### What to work on
Line by line, give the data again exactly as it appears, but without pictures.

### Extracted information
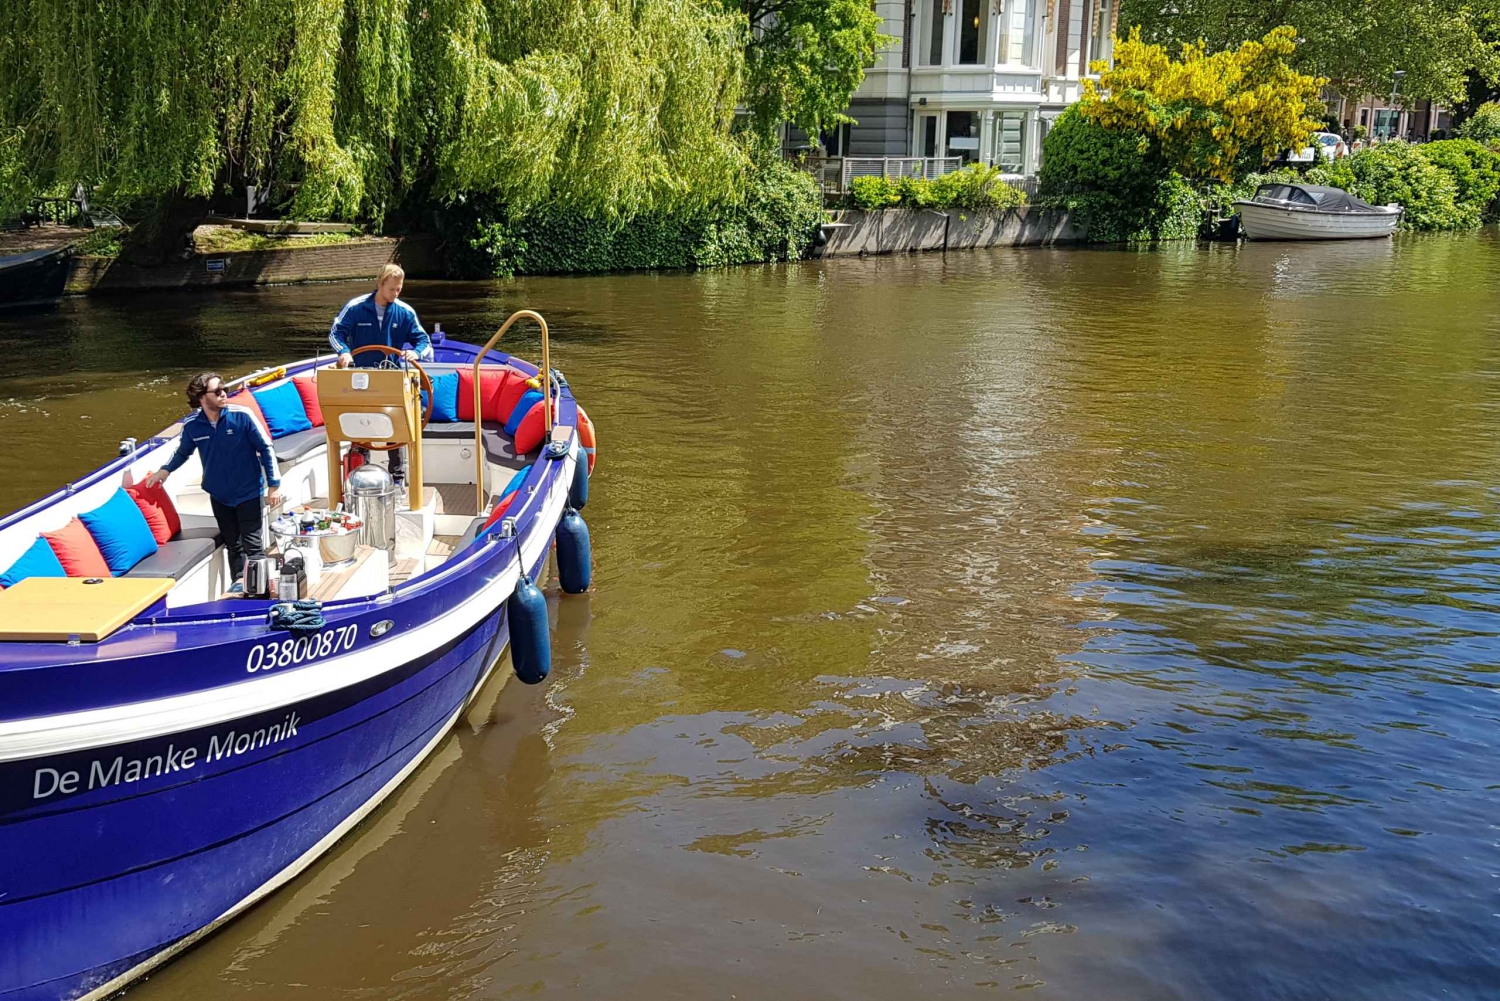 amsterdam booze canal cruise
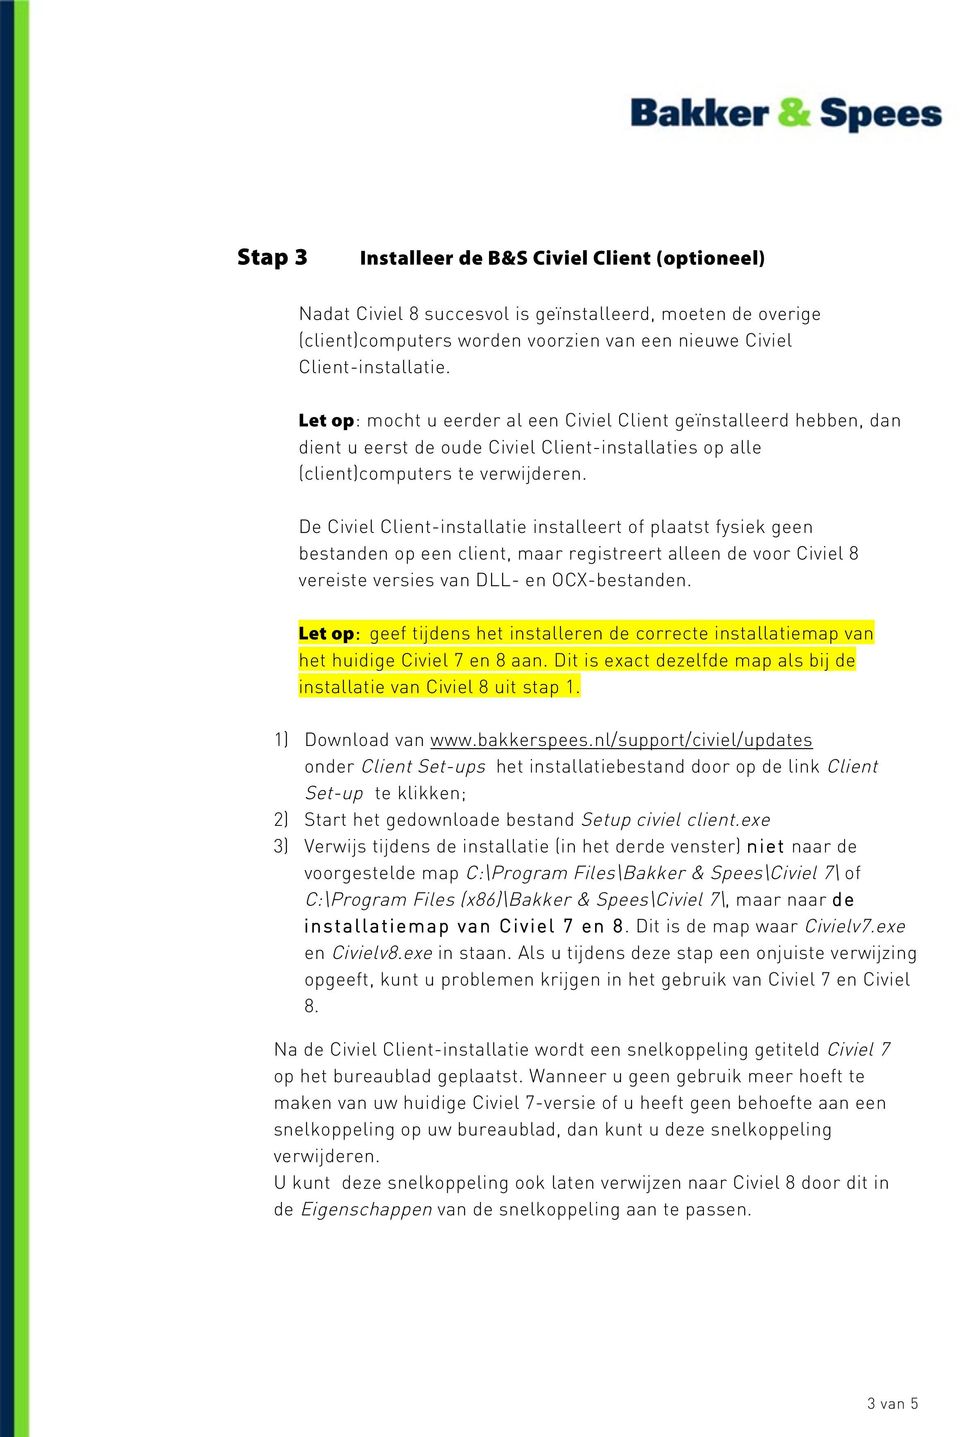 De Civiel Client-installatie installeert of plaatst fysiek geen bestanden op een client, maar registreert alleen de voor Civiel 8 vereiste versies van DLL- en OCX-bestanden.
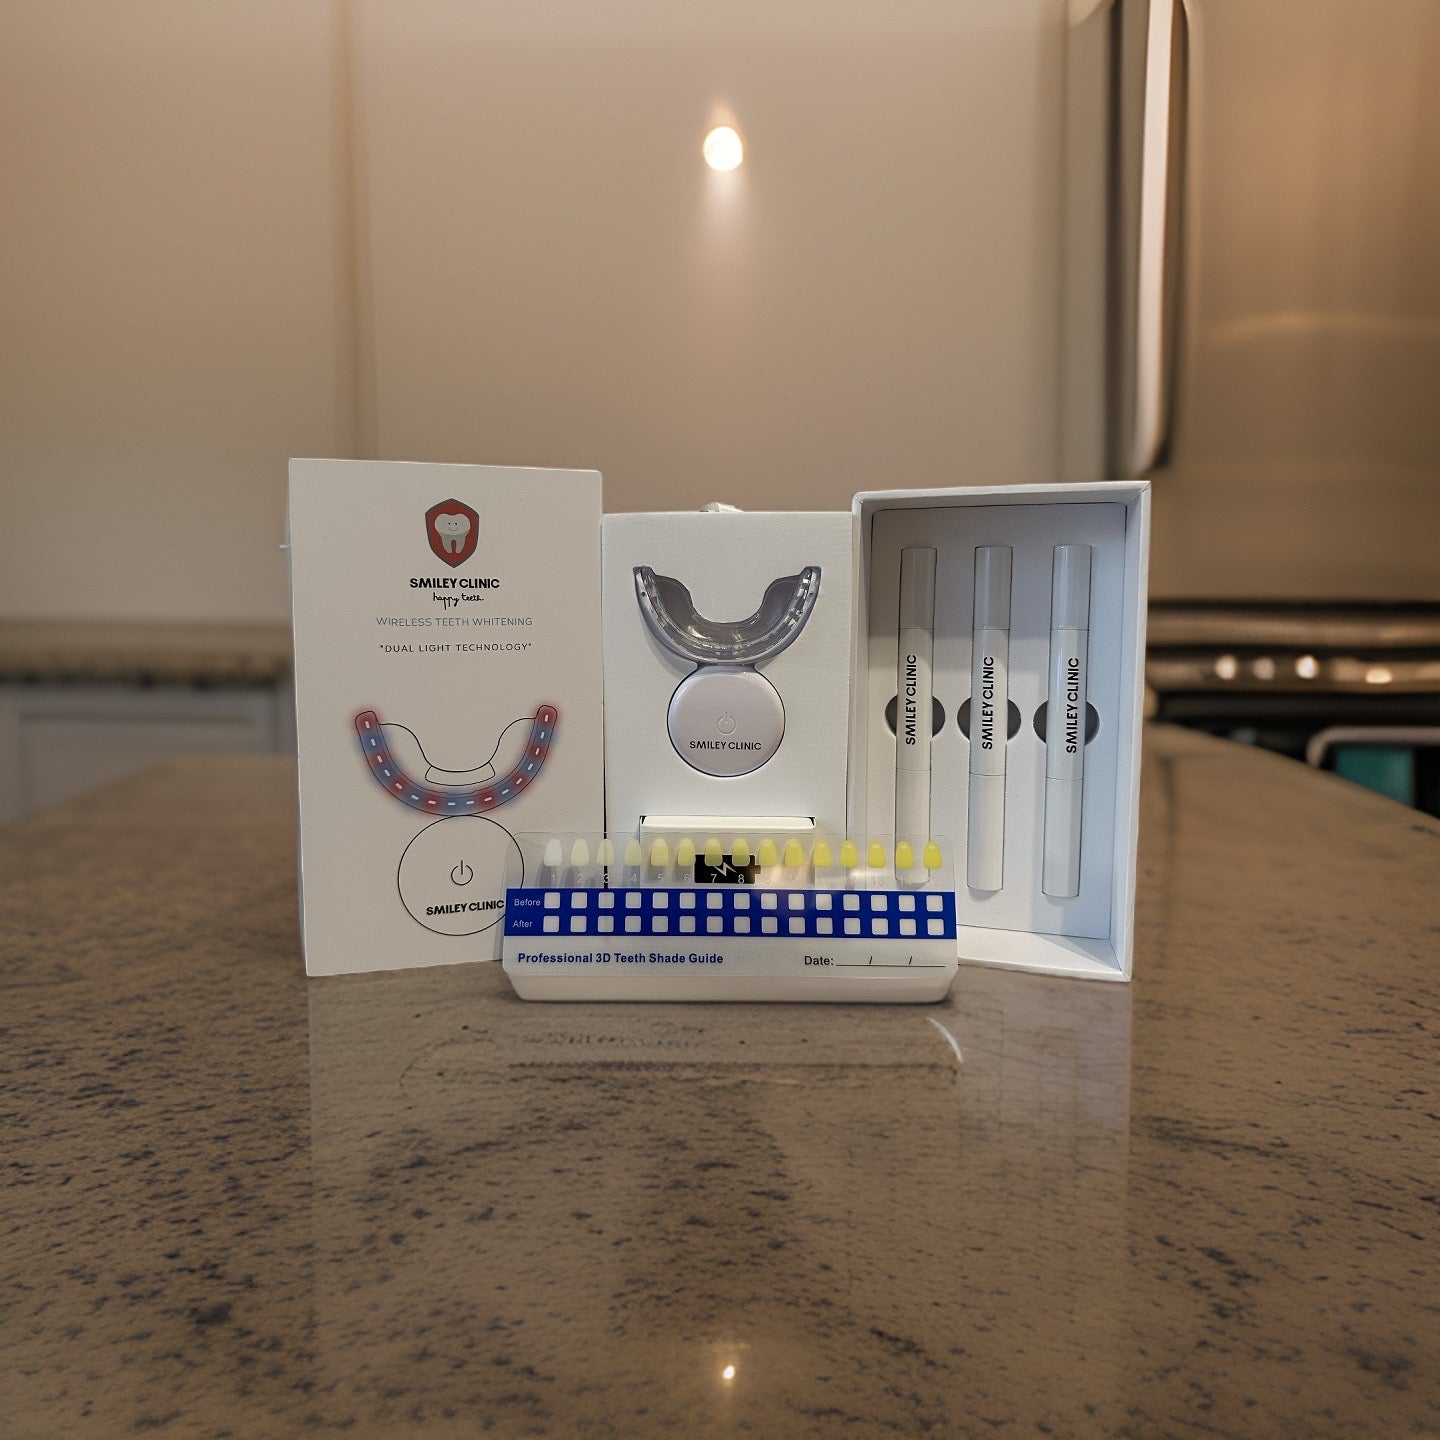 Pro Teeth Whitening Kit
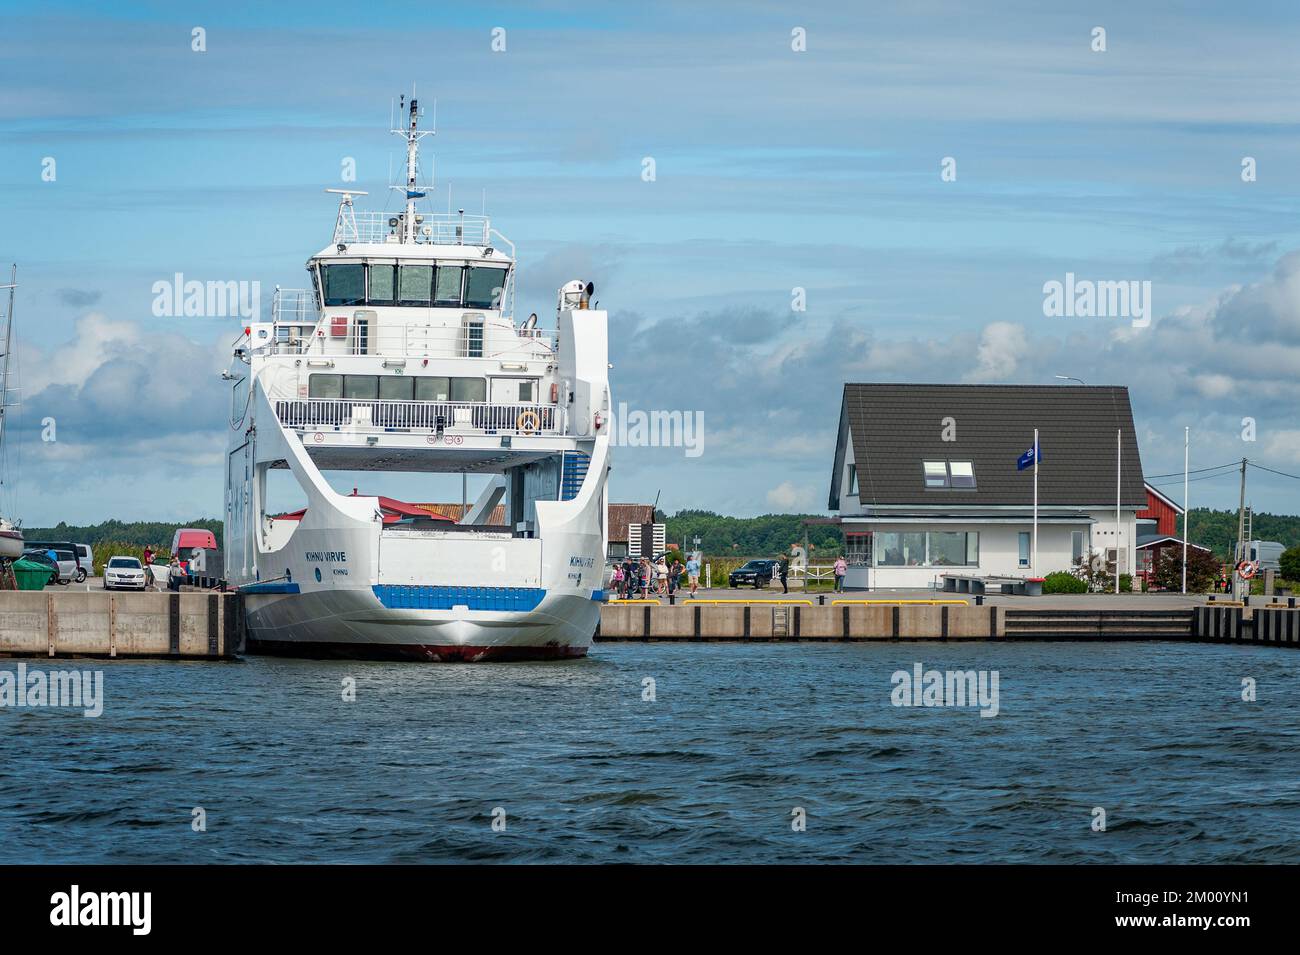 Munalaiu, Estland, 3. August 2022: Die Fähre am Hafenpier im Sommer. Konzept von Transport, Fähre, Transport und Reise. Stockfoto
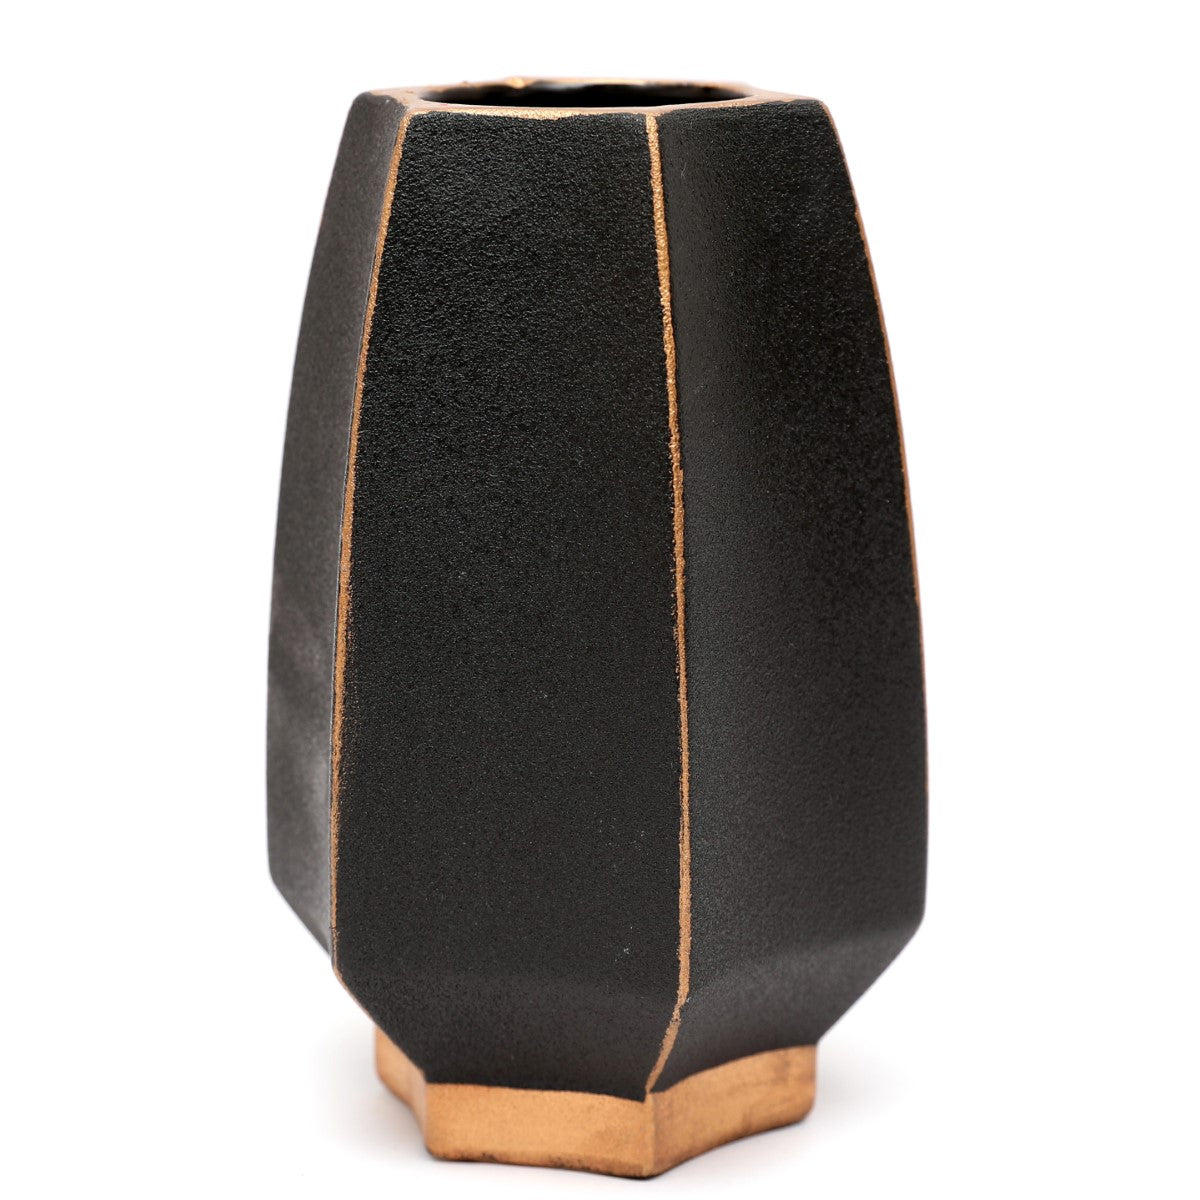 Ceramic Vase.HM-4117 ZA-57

### Exercise answer
 amsterdam booze canal cruise
 De Civiel Client-installatie installeert of plaatst fysiek geen bestanden op een client, maar registreert alleen de voor Civiel 8 vereiste versies van DLL- en OCX-bestanden.
 Pro Teeth Whitening Kit
 Munalaiu, Estland, 3. August 2022: Die Fähre am Hafenpier im Sommer. Konzept von Transport, Fähre, Transport und Reise. Stockfoto
 Ceramic Vase.HM-4117 ZA-57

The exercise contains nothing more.